Sh*t Gets Real

How is it that sometimes I just wake up in a mood? Nothing happened in the night beyond the ordinary getting up once to pee, dreams are neither remembered nor rehashed. And yet, as my eyes adjust to the morning light, I feel a mood in full force in my mind and body…happy or grumpy, energized or frazzled, worried, or, (and rarely these days), at peace.  This morning I woke up in full “I’m a fraud!” glory! You might know what I’m talking about: Who do I think I am _______, doing what I do?  For me, that means writing. I beat myself up. What do I have of any value to add to the conversation? How am I going to drag myself to my desk and stare at a blinking curser on a blank screen? The curser who says, fake, fake, fake.
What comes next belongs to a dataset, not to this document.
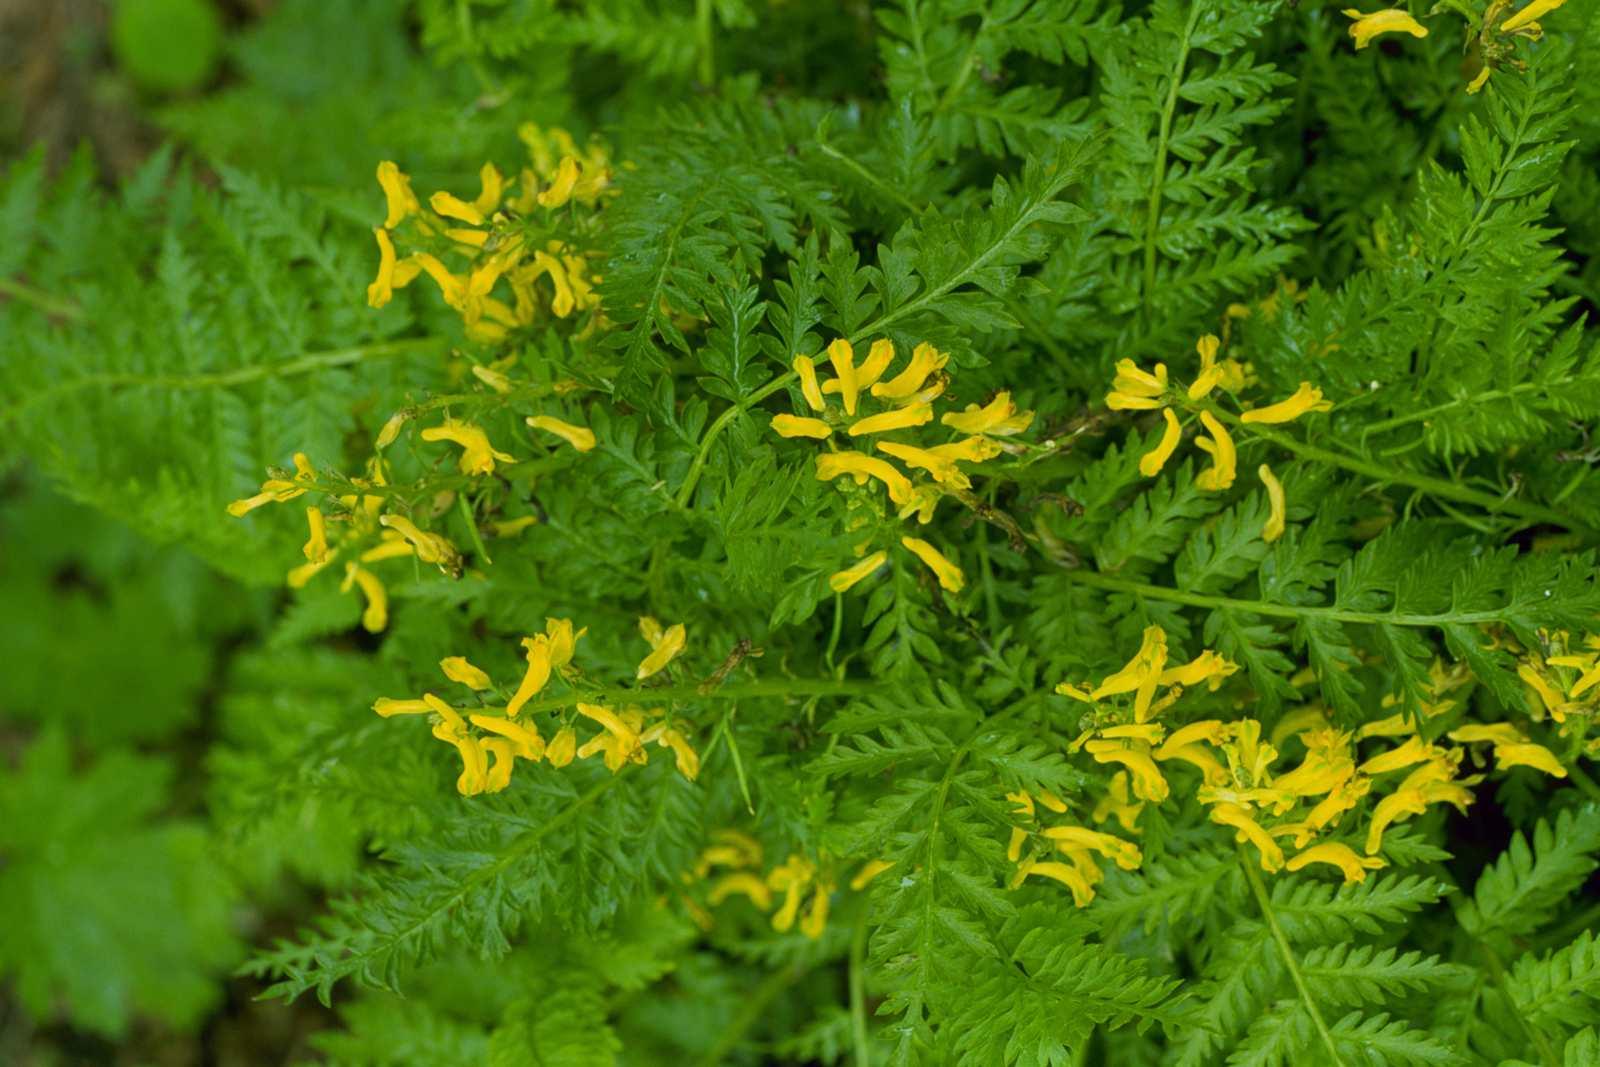 A closeup of Corydalis lutea

And then I move on to: Oh crap, what am I going to do with the rest of my life? I should have gone to law school!  How did I get myself into this awful space of feeling like a loser if I do work/write and feeling like a loser if I don’t work/write? And, how do I get out of it?

When I’m falling into my self-made sinkholes:

  1. I make my bed. Literally. A made bed tells me that I’m a doer. That I care about myself enough to have a sweet spot to welcome me back at the end of the day. I know, it sounds possibly ridiculous, but it works for me, so I’m not going to argue with myself.

 

 

  1. I reach out to friends. Because it is now, that means a text. This morning I texted a pal:

 

 

Which led me to texting a dozen pals (that’s kind of like writing, isn’t it?) to discover: “What are the three most pressing midlife concerns for women?” Which led to lots of interesting conversations, some laughs, enormous gratitude for friends and, here is the key, it all led to me FEELING LESS ALONE.  I know in the best case scenario, I would have taken a walk or had coffee with a friend IRL. But this way, I talked to 12 women who live all over the country. And, what I learned lifted me up and fed my work. How great to put these crystallized worries at the center of my characters’ lives.

Here’s how it came out:

  1. THEMES:
    1. shifting parenting roles w/adult children vs. teens: “What now? How to shift focus from family as a priority to another priority of meaning and value?”
    2. aging parents: “What will I be when I am no longer a daughter?”
    3. aging body: “What happened to my face? Knees? Vagina?”
    4. finances: “Will I ever be able to retire?”
    5. health and worry over future loss of a facile mind
    6. and, no surprise here: Who Am I/Who do I Want to Be?
      • “Isn’t it supposed to be easier now?”
      • “Will I ever figure out my life?”
      • “How is it that everything that motivated me in my career now seems worthless?”
      • “Is my marriage working?”
      • “Isn’t love enough?”
      • “Is my life about others? Or is it about me?”

Even the glib answers, which made me laugh, spoke to loss and worry about our place in the world—how we can claim what we want, and how we often cave in to what a youth-obsessed society tells us about middle aged women. Elective surgery? Self-medication?

  • “Who has the name of a good plastic surgeon?”
  • “What is the best rosé?”
  • “Is this fat around my stomach or is it really a new organ?”
  • “Shall I color my hair?”
  • “How do I stay supple?”

We are caregivers. We want love. We want to feel our lives and our work are of value. Of course we support our adult children as they learn to support themselves. We care for our parents. And at times we feel squeezed dry. (How do I stay supple? has many implications, no?) We maintain our sense of humor. We worry over at risk populations in a post-democratic United States. We vote, march, make phone calls, give money, change jobs, dye our hair or let it go gray. We leave marriages, we fall in love, sometimes we drink too much rosé, we worry, and we think about how to be the best old ladies we can. As one friend (who, by the way, was recovering from a bilateral mastectomy when she wrote this) said:

We do have choices. We may wake up in a state, but we can choose how we want to face the day, and how we want to face the last act of our short and beautiful lives. Lots of Beauty. Lots of laughs. That shit is real!